◆ Goal of the exercise ◆
When the line with "Cash on delivery" comes up, set it down and every later line to the end of the data, exactly and without pictures.

◆ Supplied material ◆
--- START ---

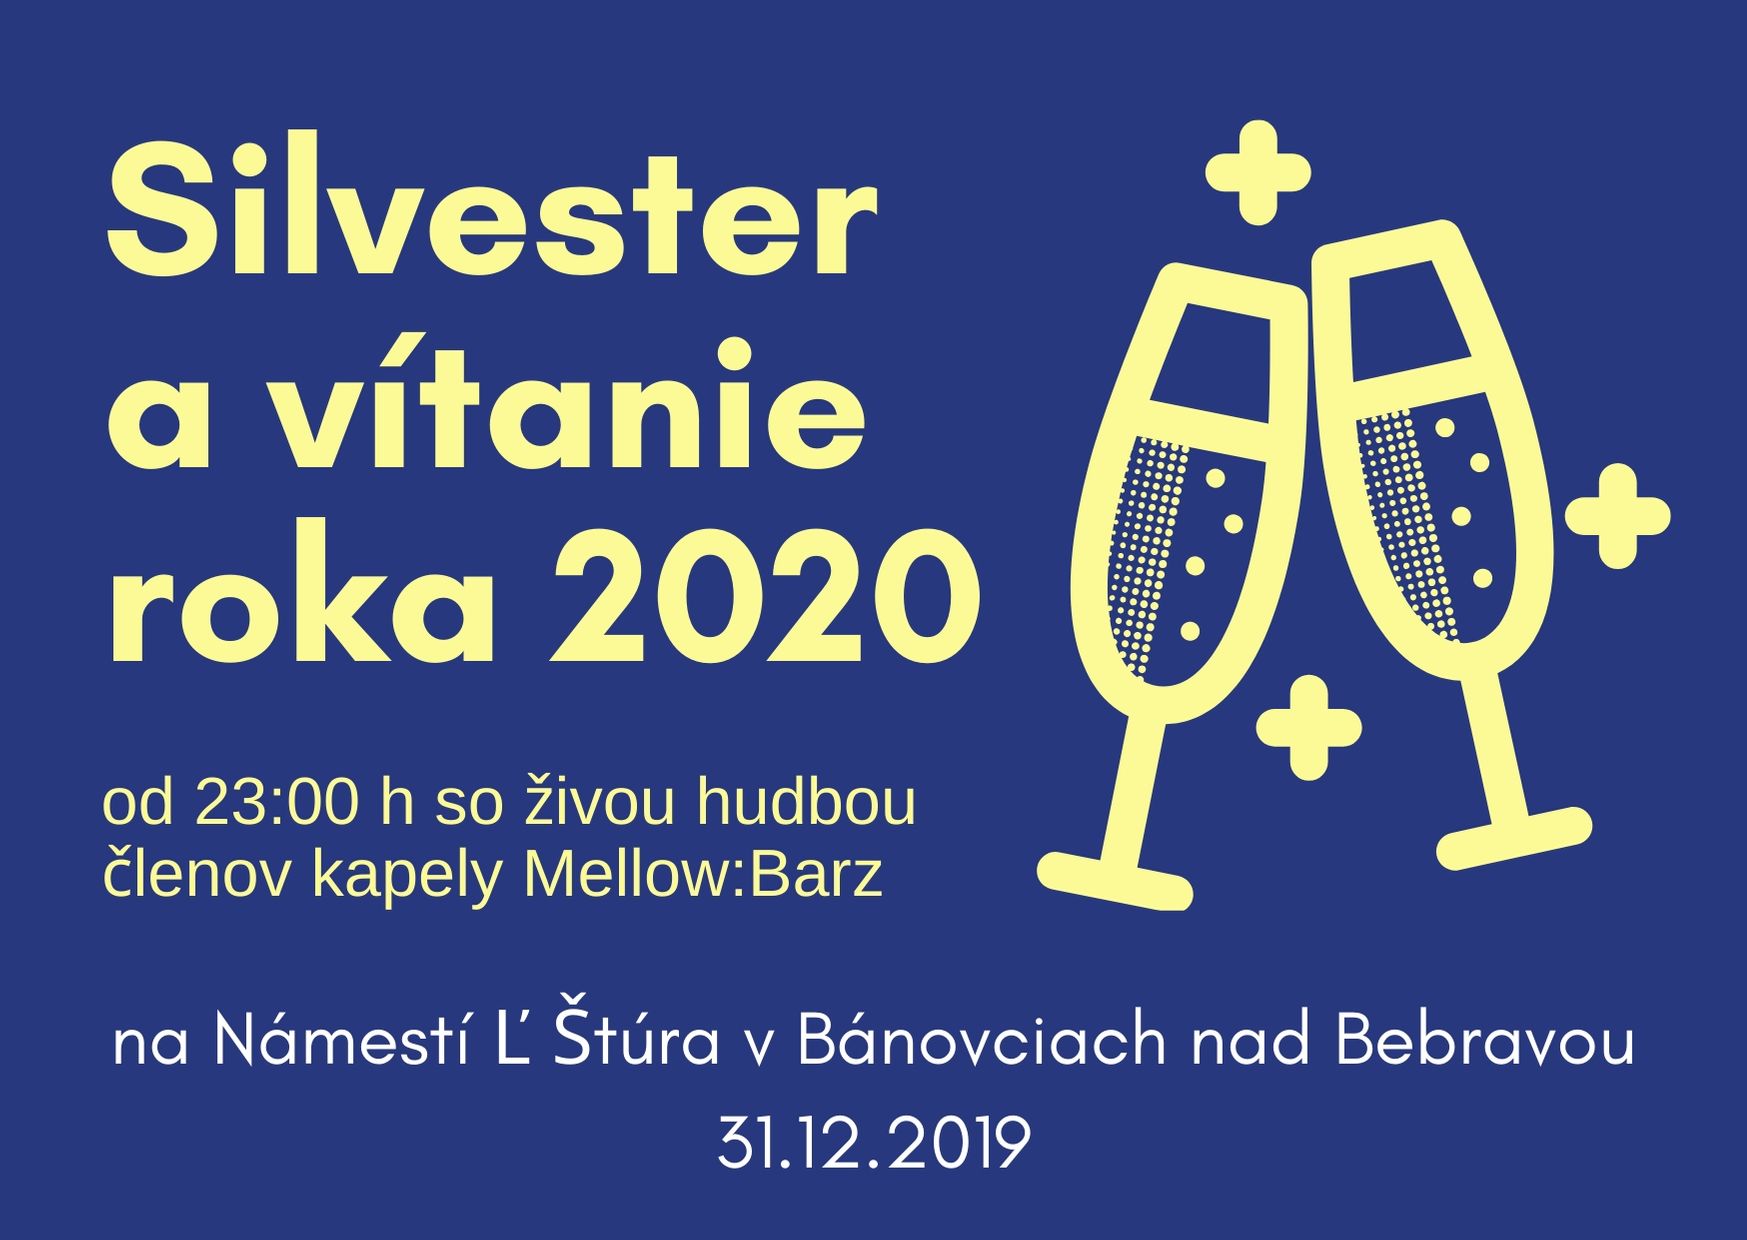 Silvester a vítanie roka 2020 Bánovce nad Bebravou
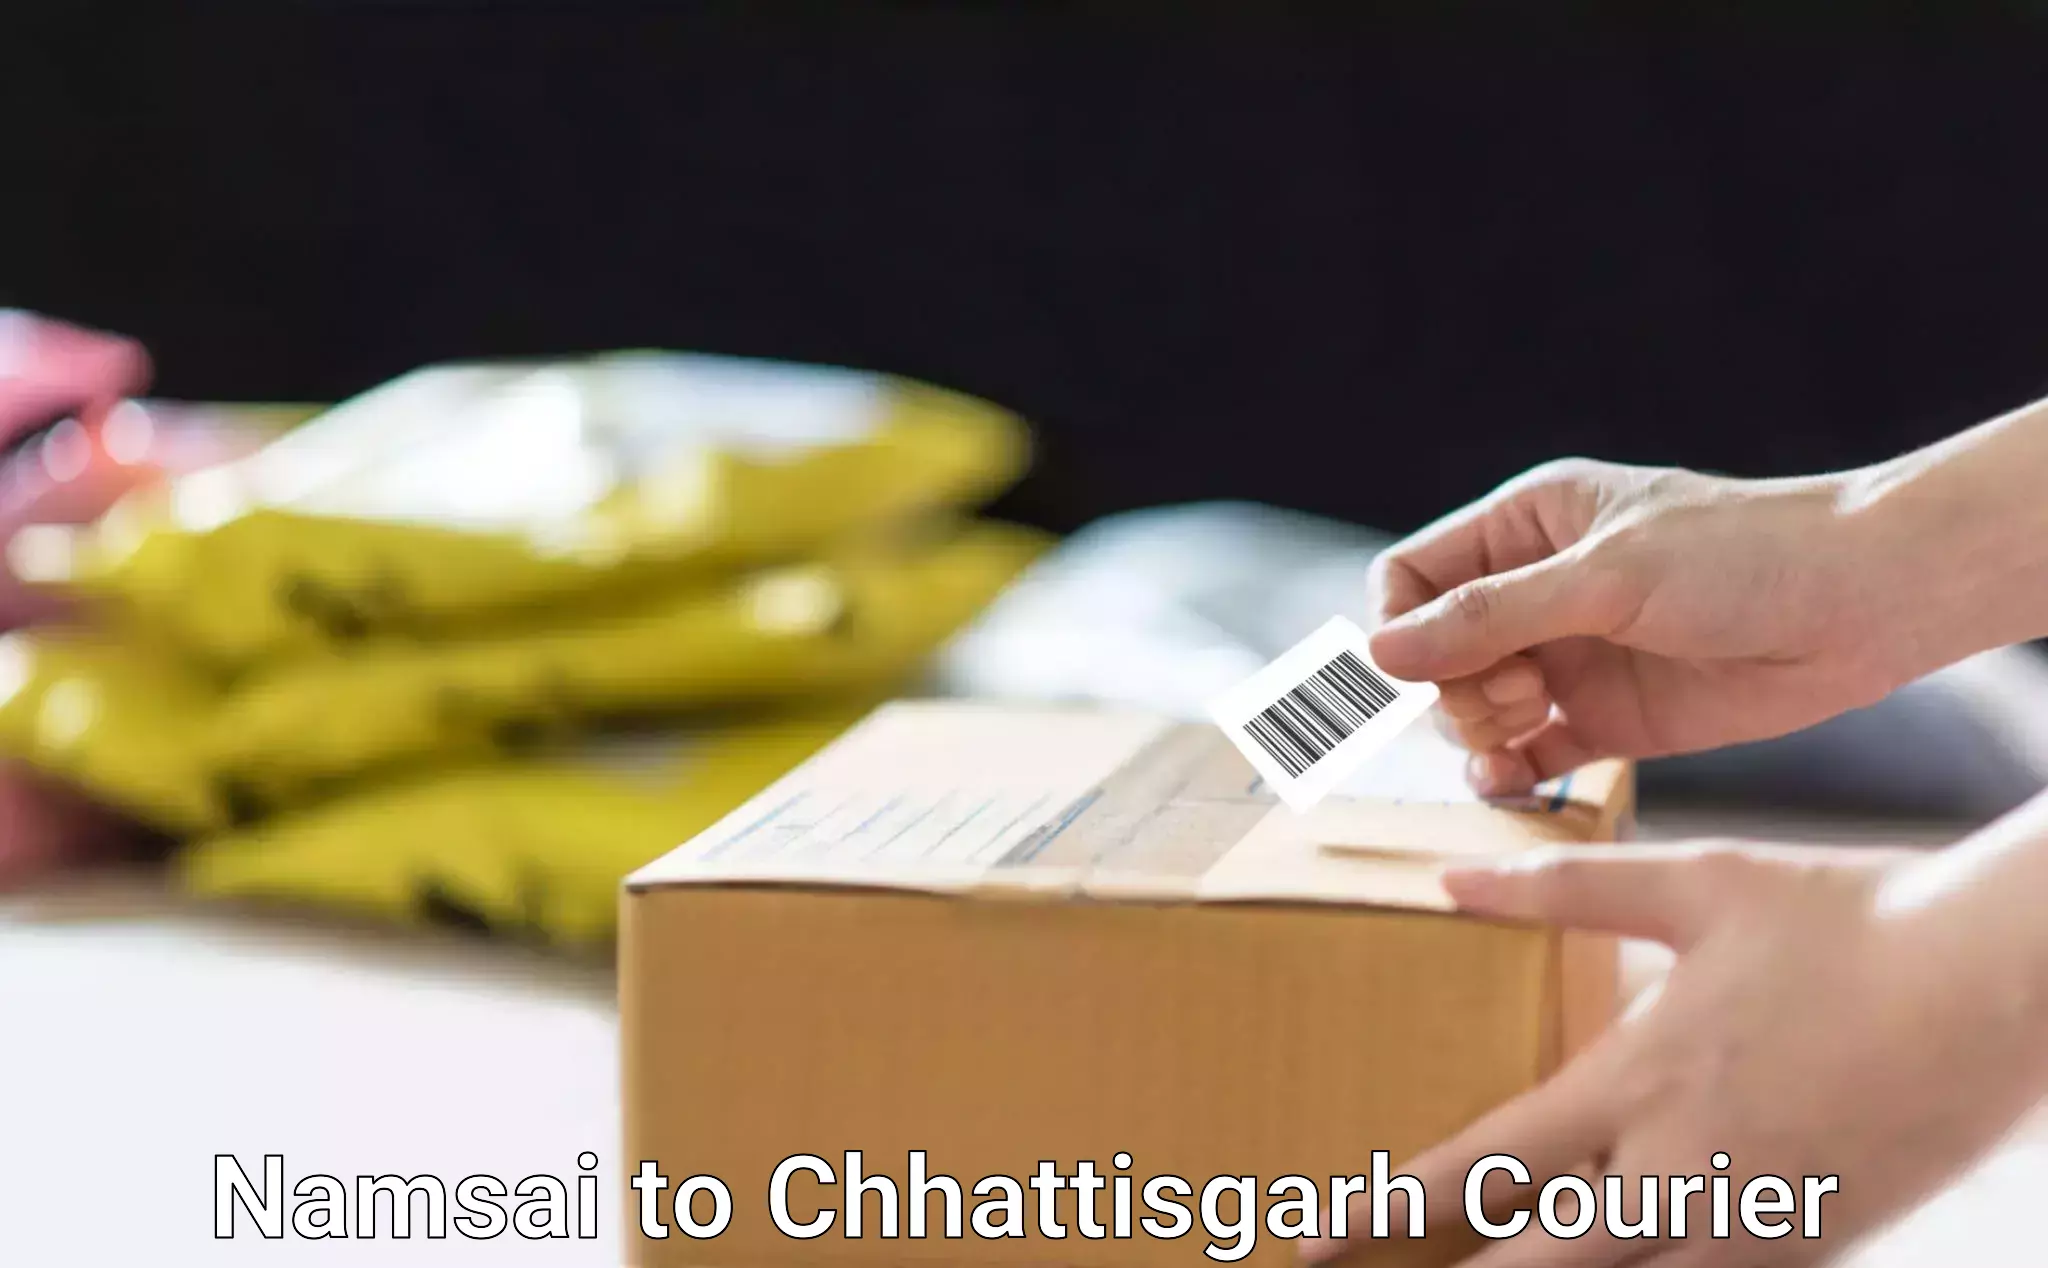 Cash on delivery service Namsai to Chhattisgarh
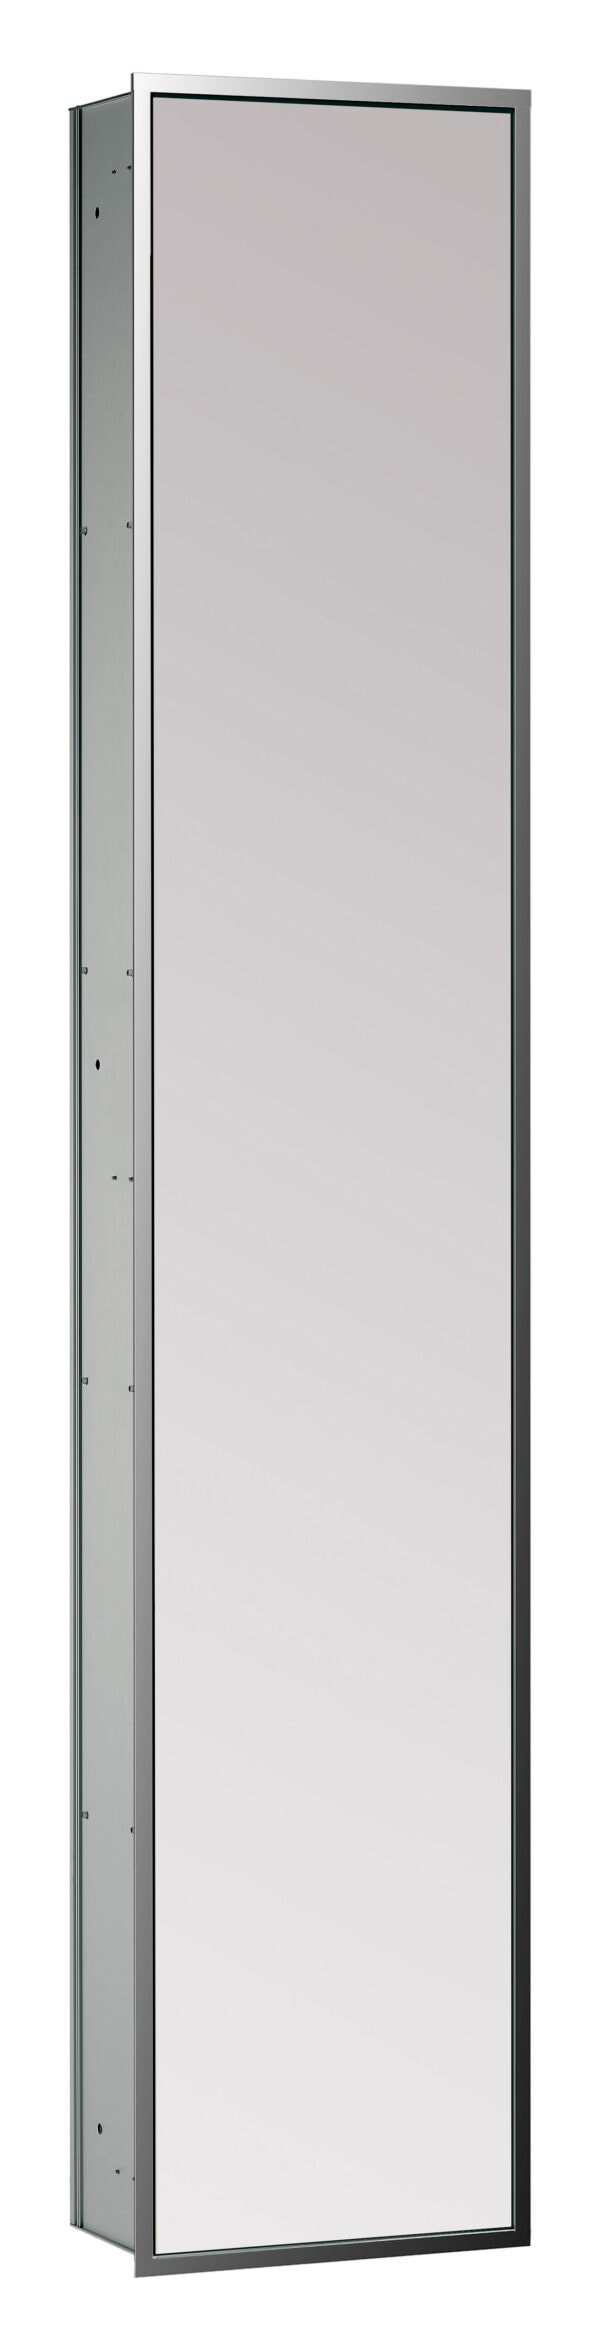 emco asis 300 Kastmodule met spiegeldeur - inbouwmodel - chroom/spiegel, 314 mm
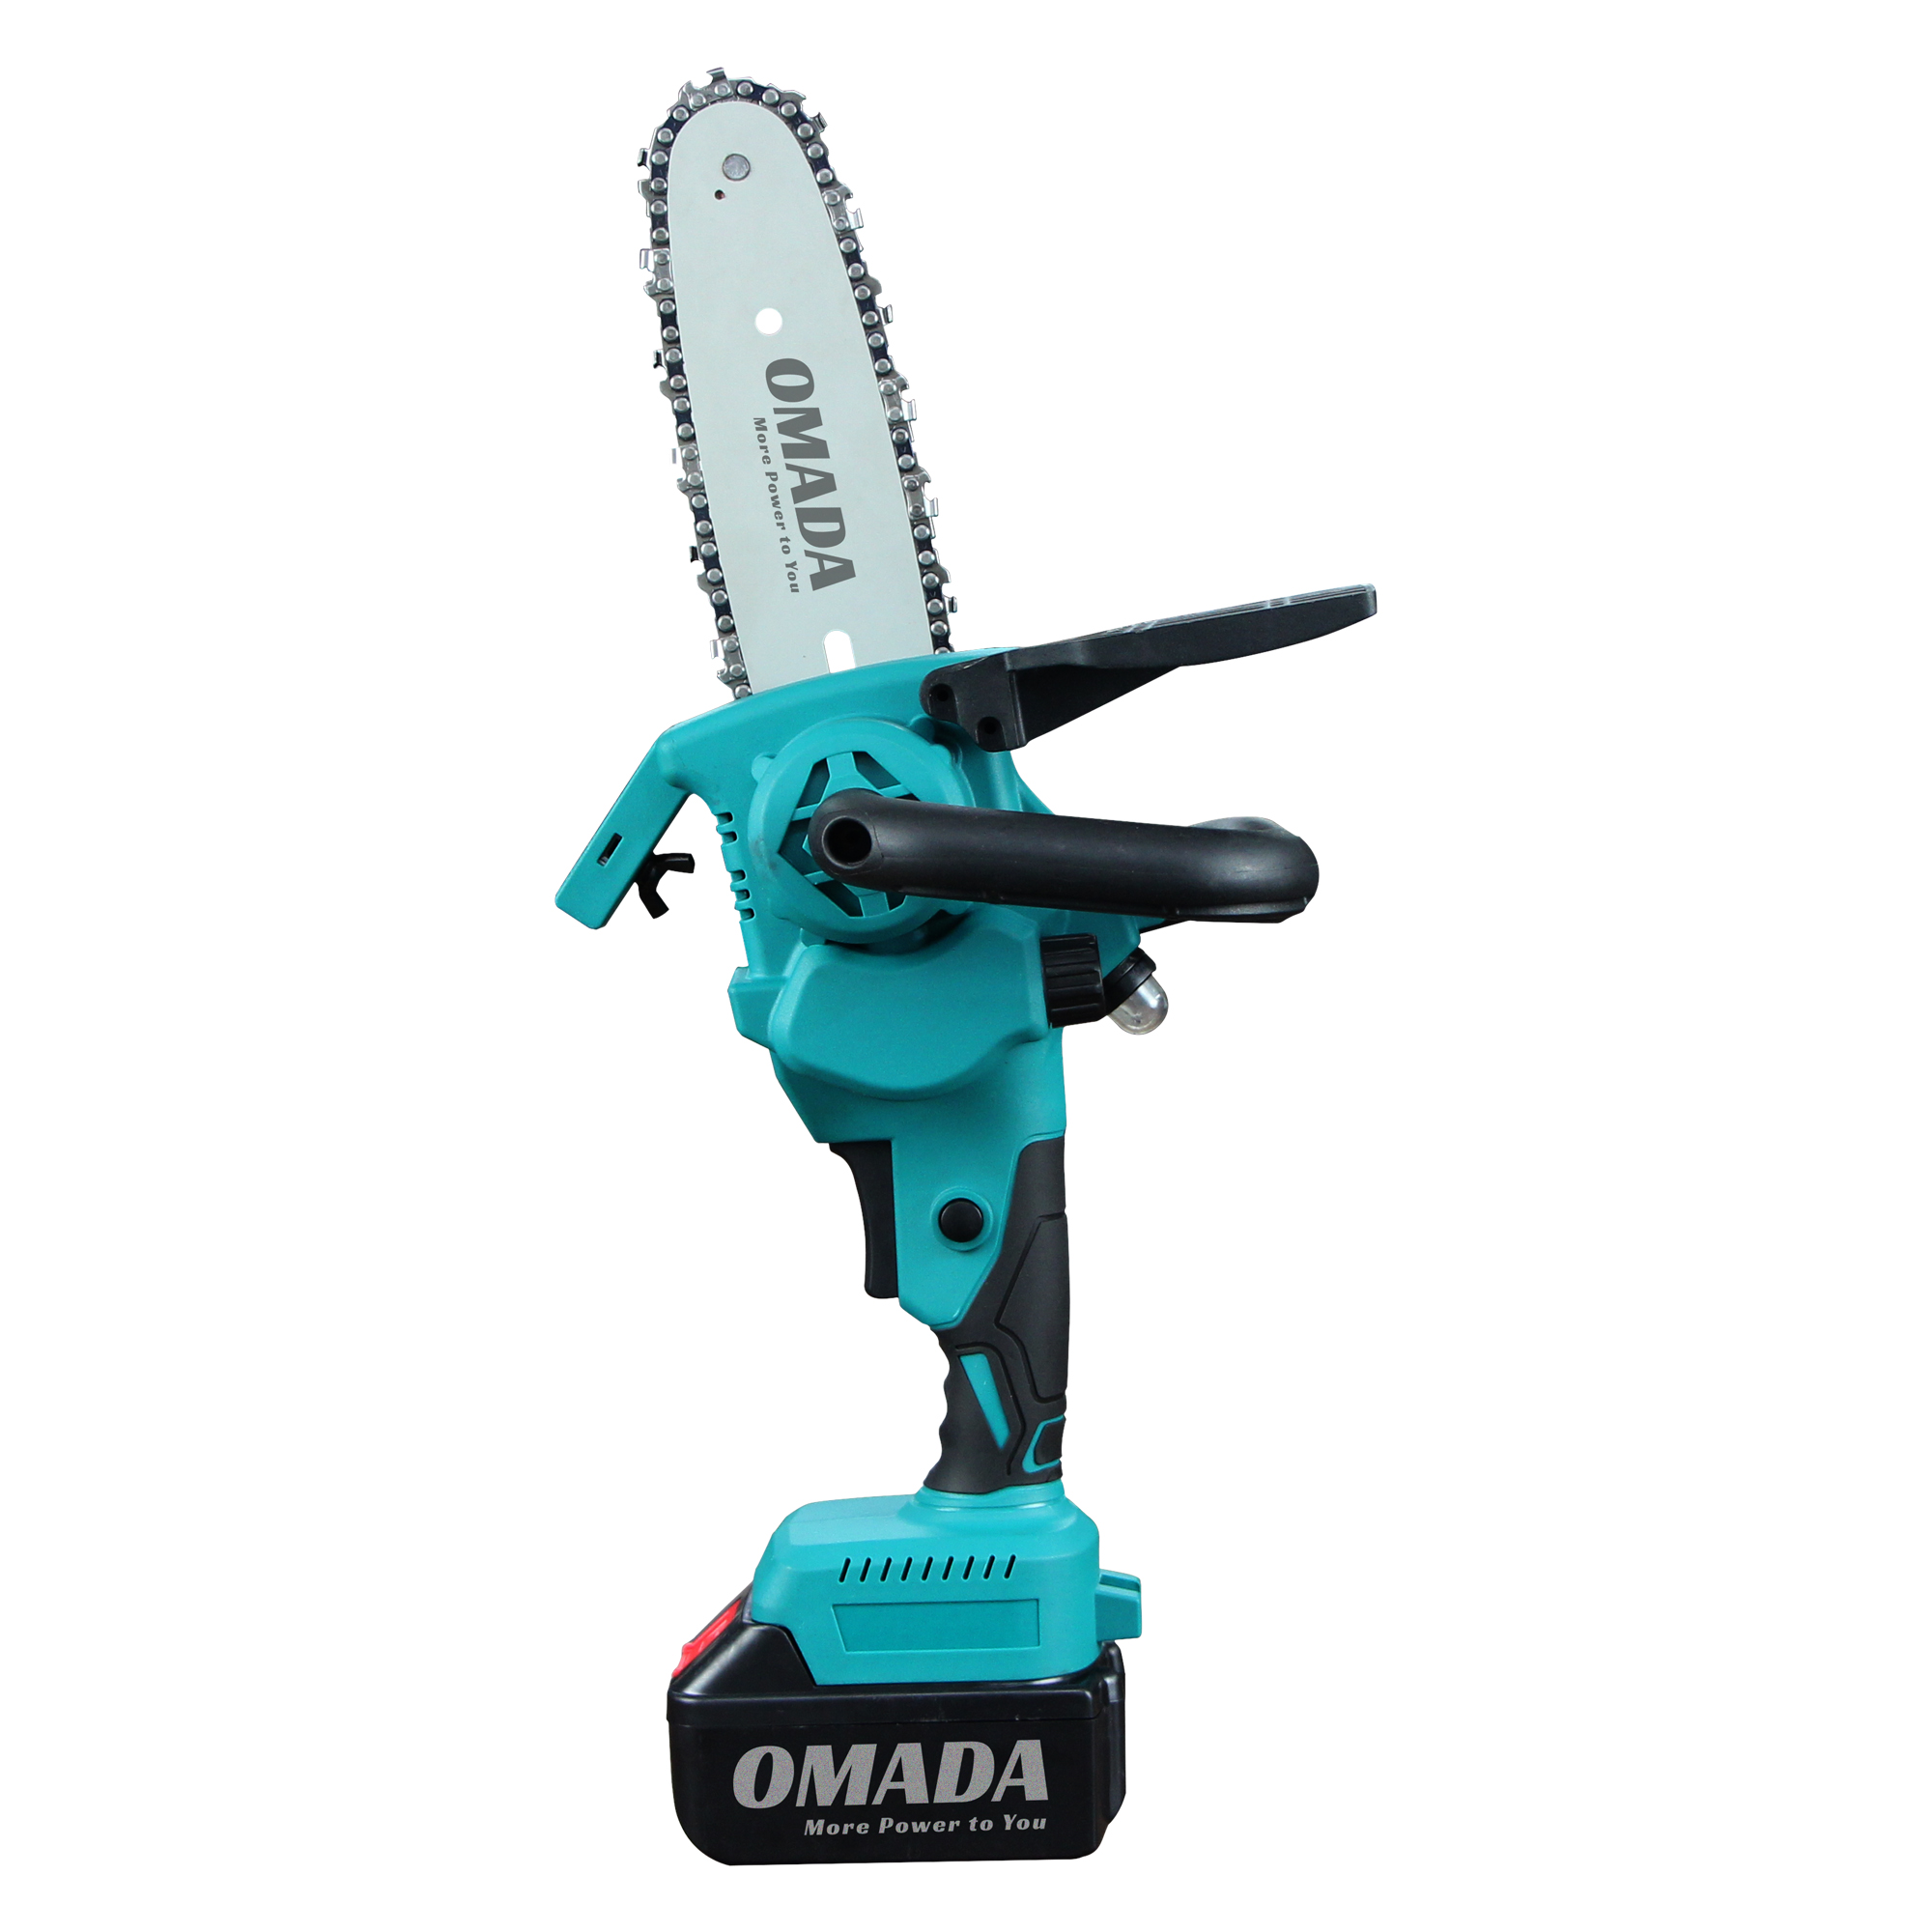 Omada 6-Inch Wood Cutting Tools, Wood Cutter Saw

--- END ---

◆ Result below ◆
 Cash on delivery service Namsai to Chhattisgarh
 emco asis 300 Kastmodule met spiegeldeur - inbouwmodel - chroom/spiegel, 314 mm
 Omada 6-Inch Wood Cutting Tools, Wood Cutter Saw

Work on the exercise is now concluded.